BEGIN

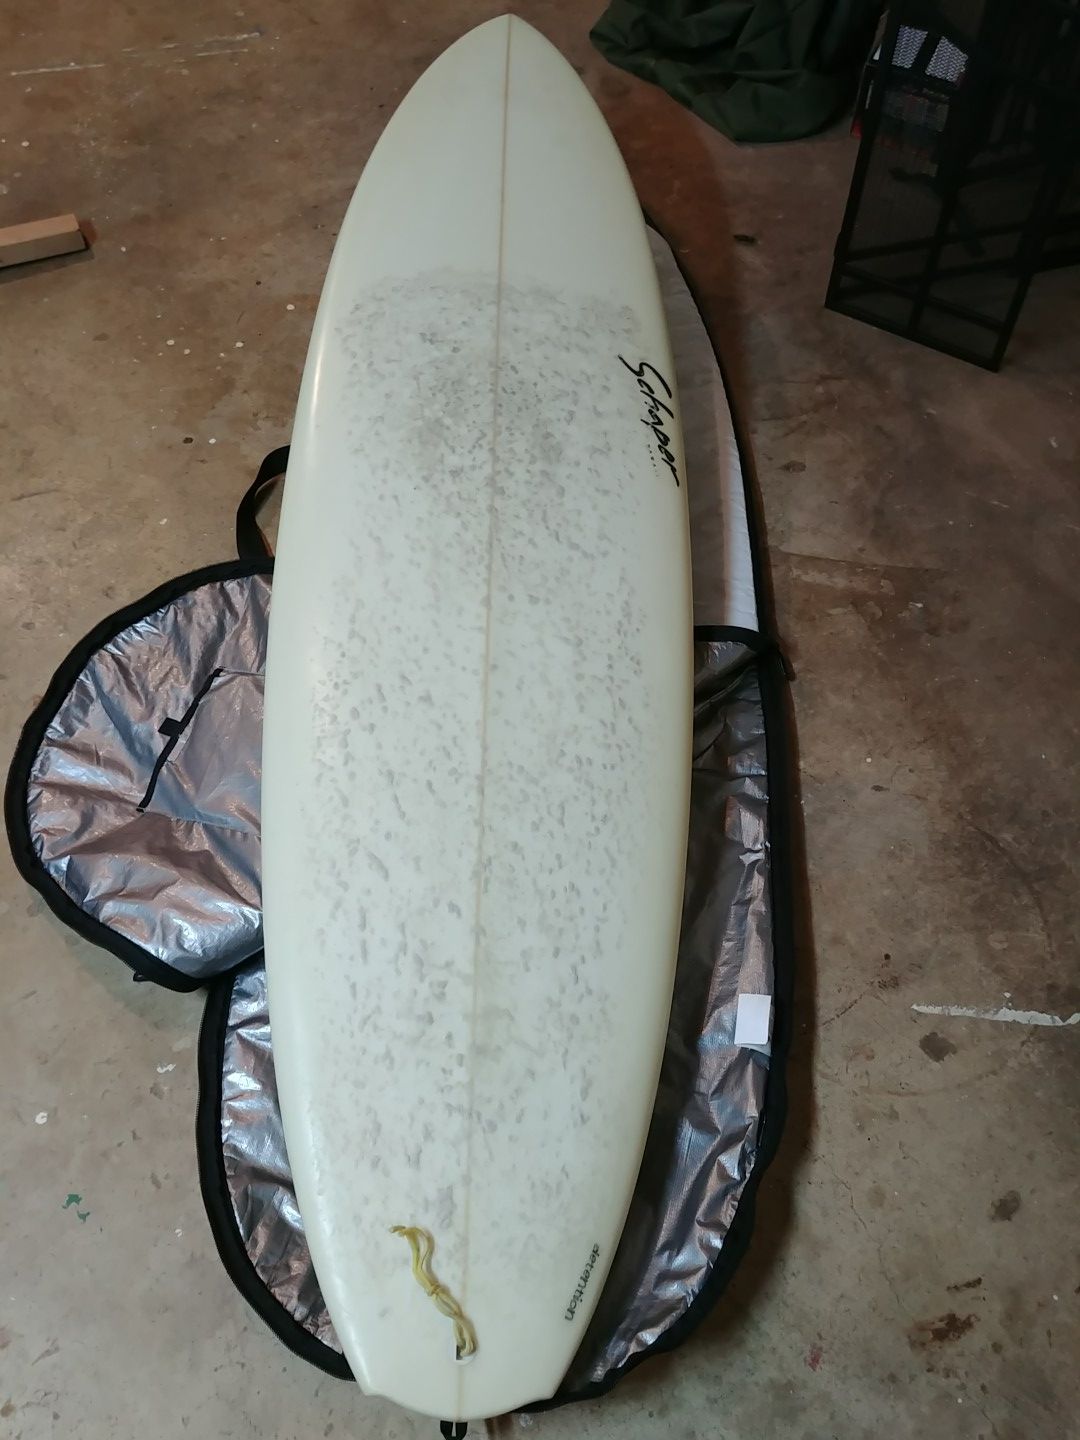 6'4" Schapher Hawaii Surfboard. Comes with bag and fins.
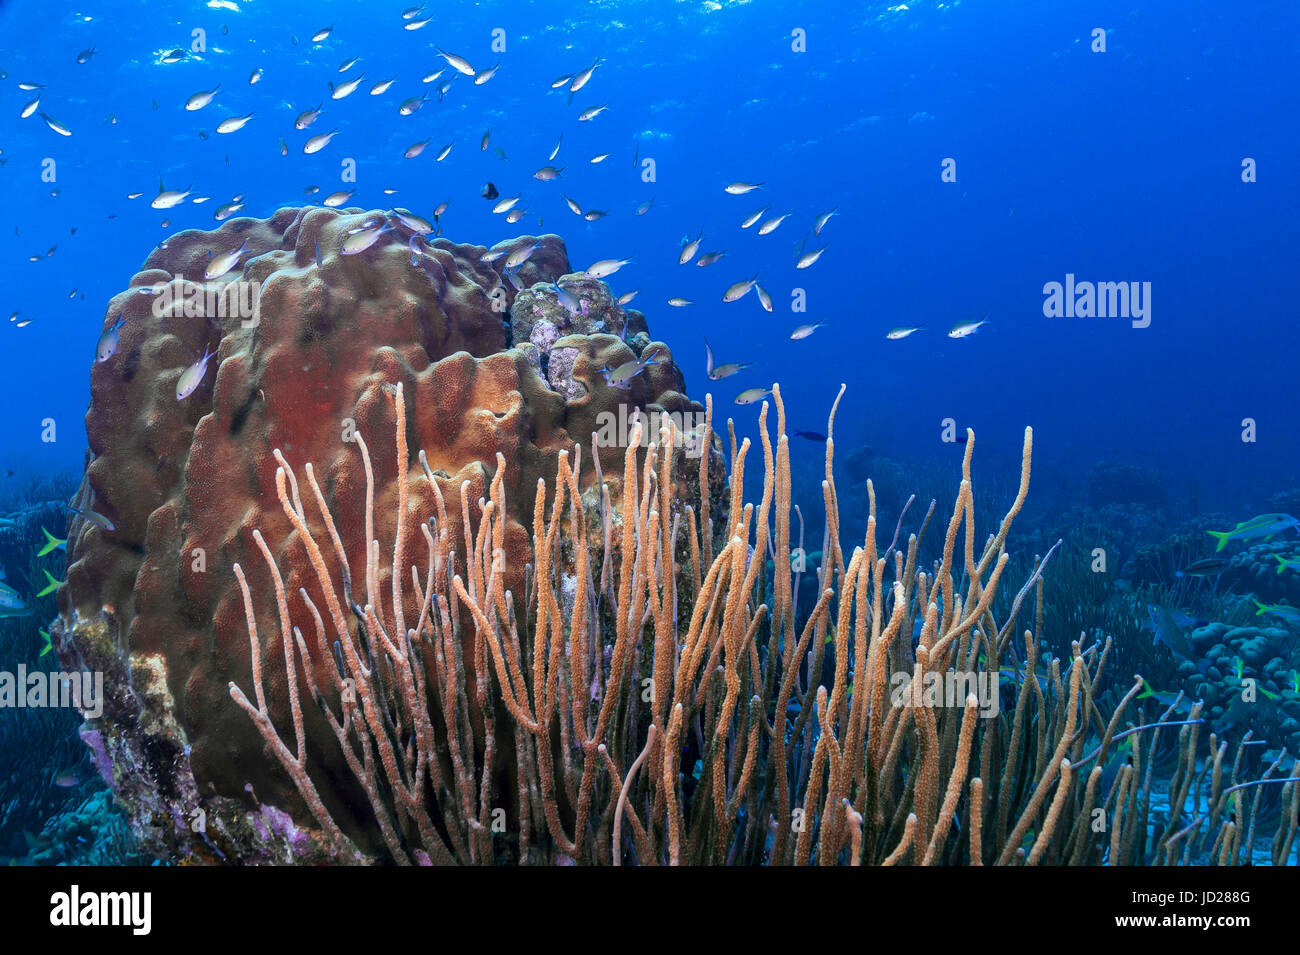 Coral reef underwater off the boast of the island of Bonaire Stock Photo
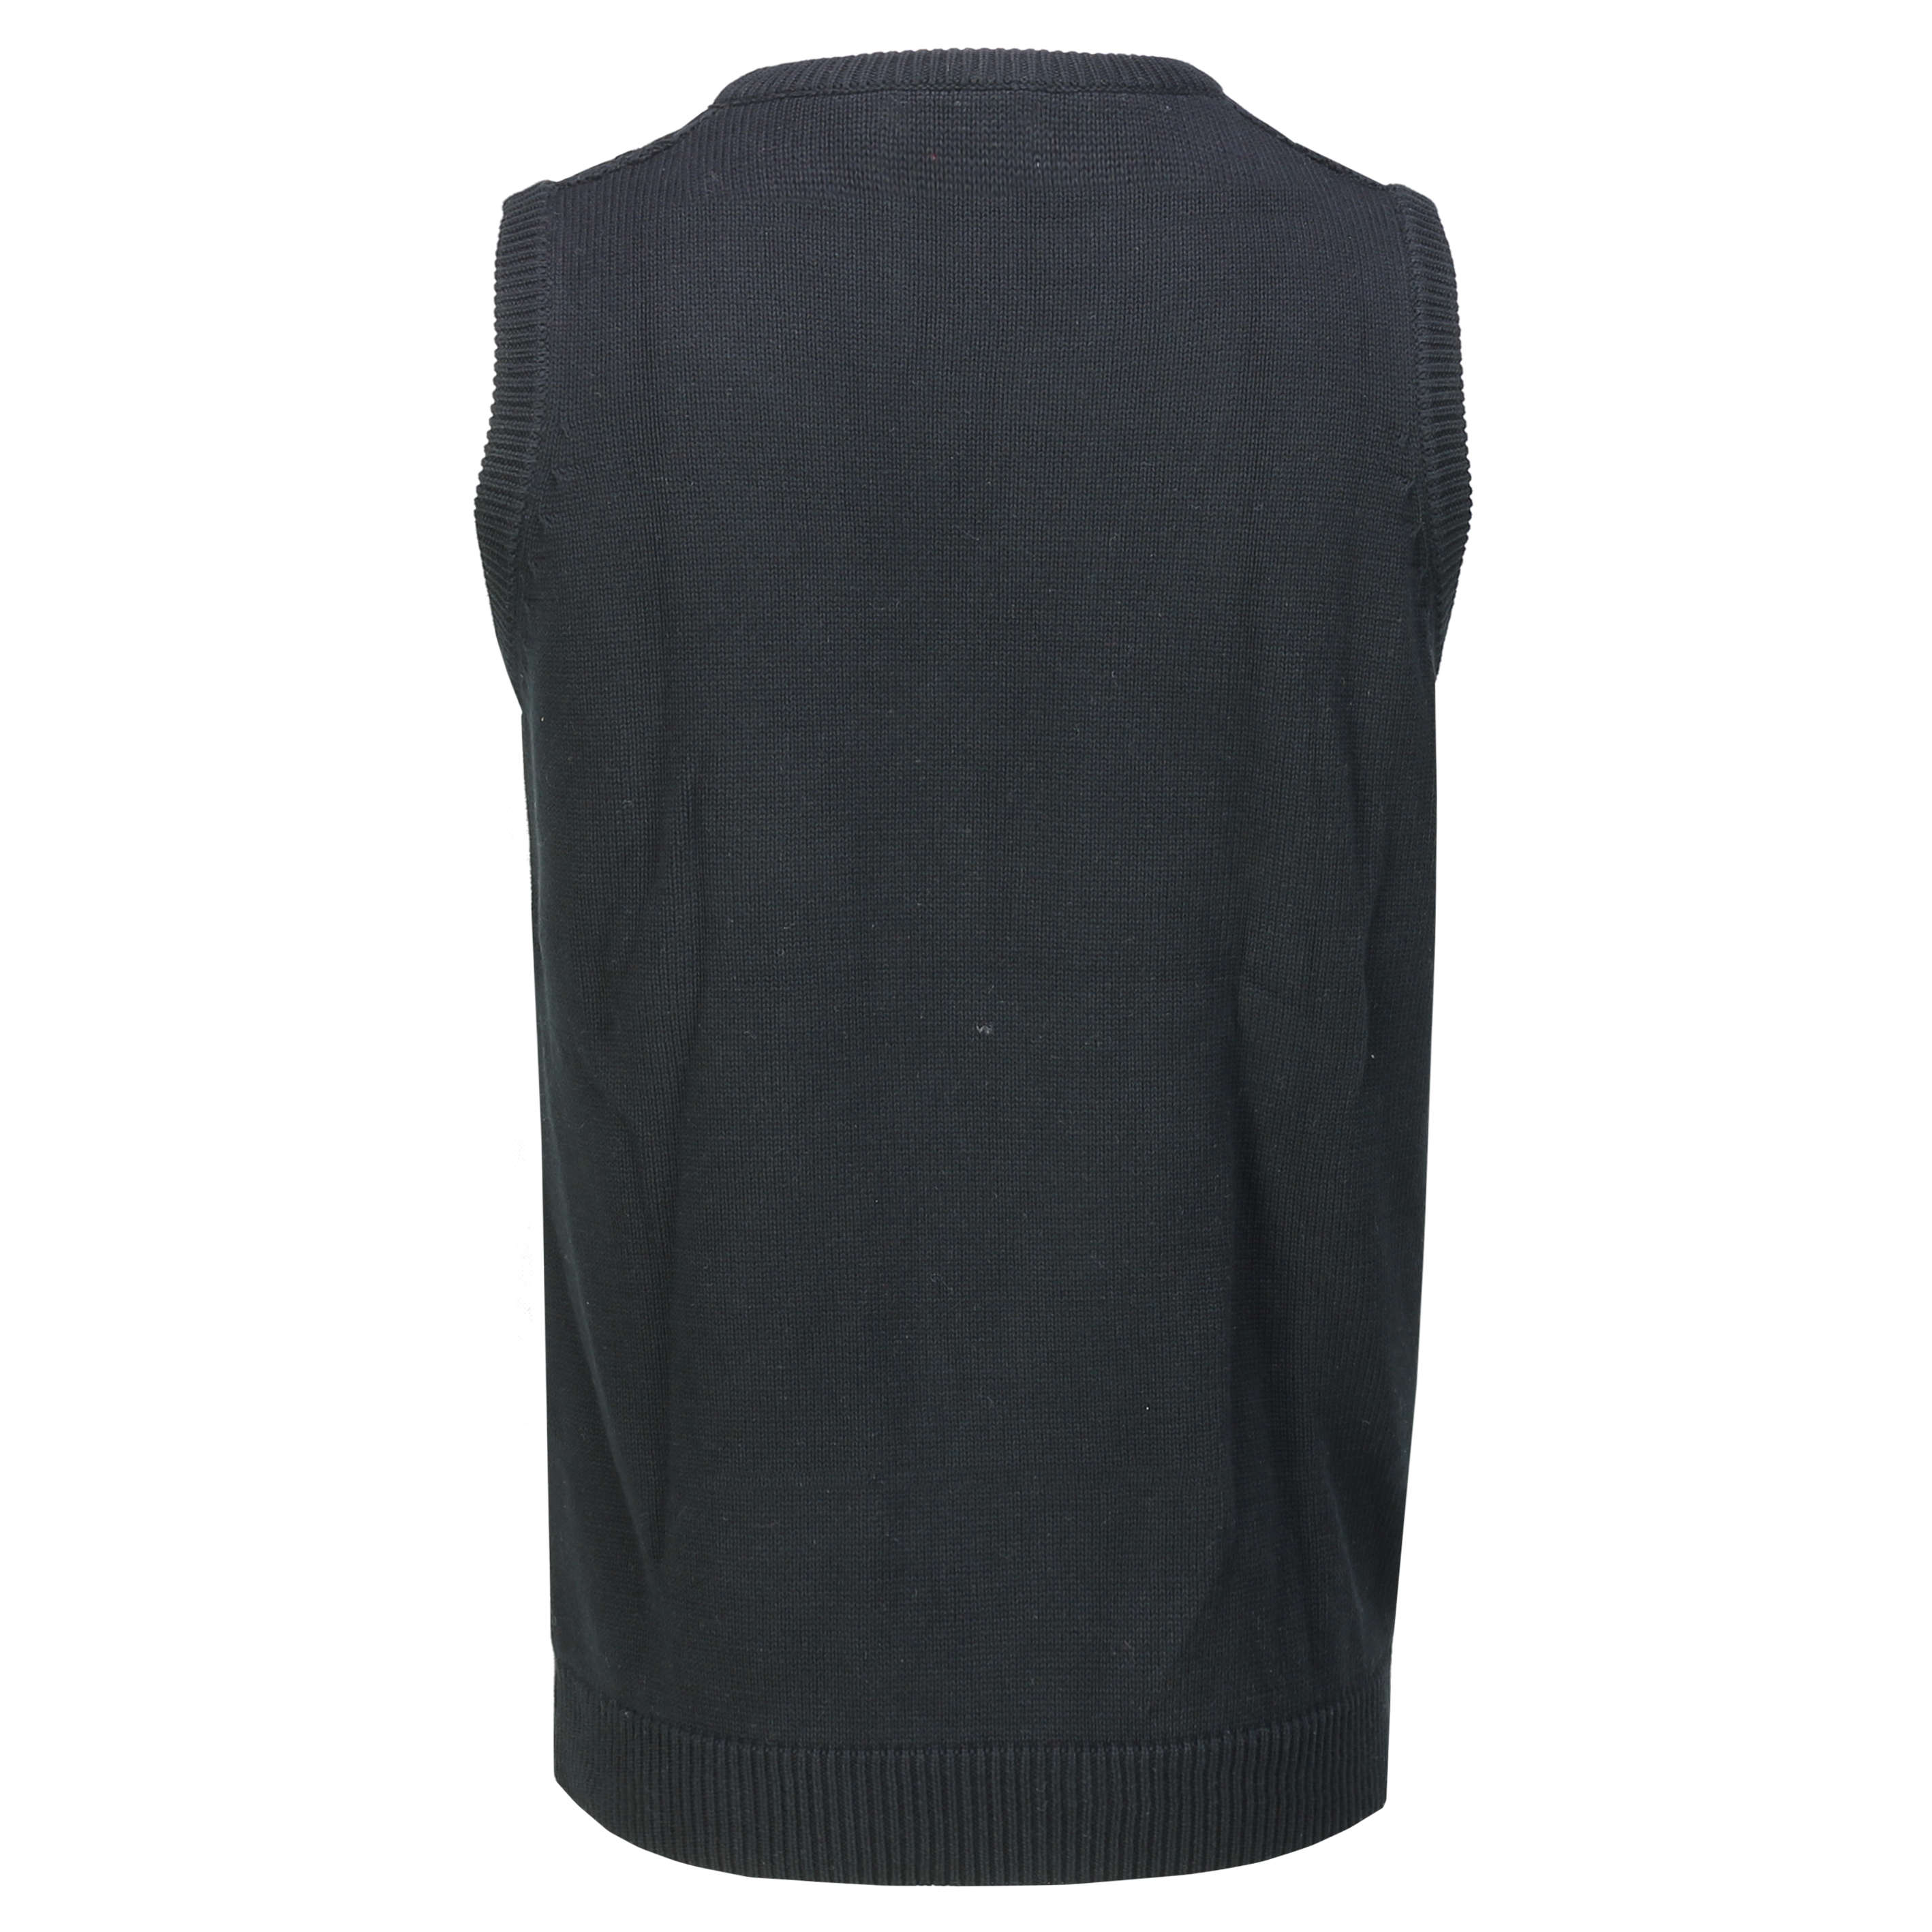 Mens Classic Sleeveless Jumper V Neck Cable Knitted Smart Casual ...

END

# TRY IT:
The lines from the one containing "Coral reef underwater" through the last line of the data above are to be transcribed exactly, both included, with all pictures left out.

# OUTPUT OF THE TASK:
 Coral reef underwater off the boast of the island of Bonaire Stock Photo
 Mens Classic Sleeveless Jumper V Neck Cable Knitted Smart Casual ...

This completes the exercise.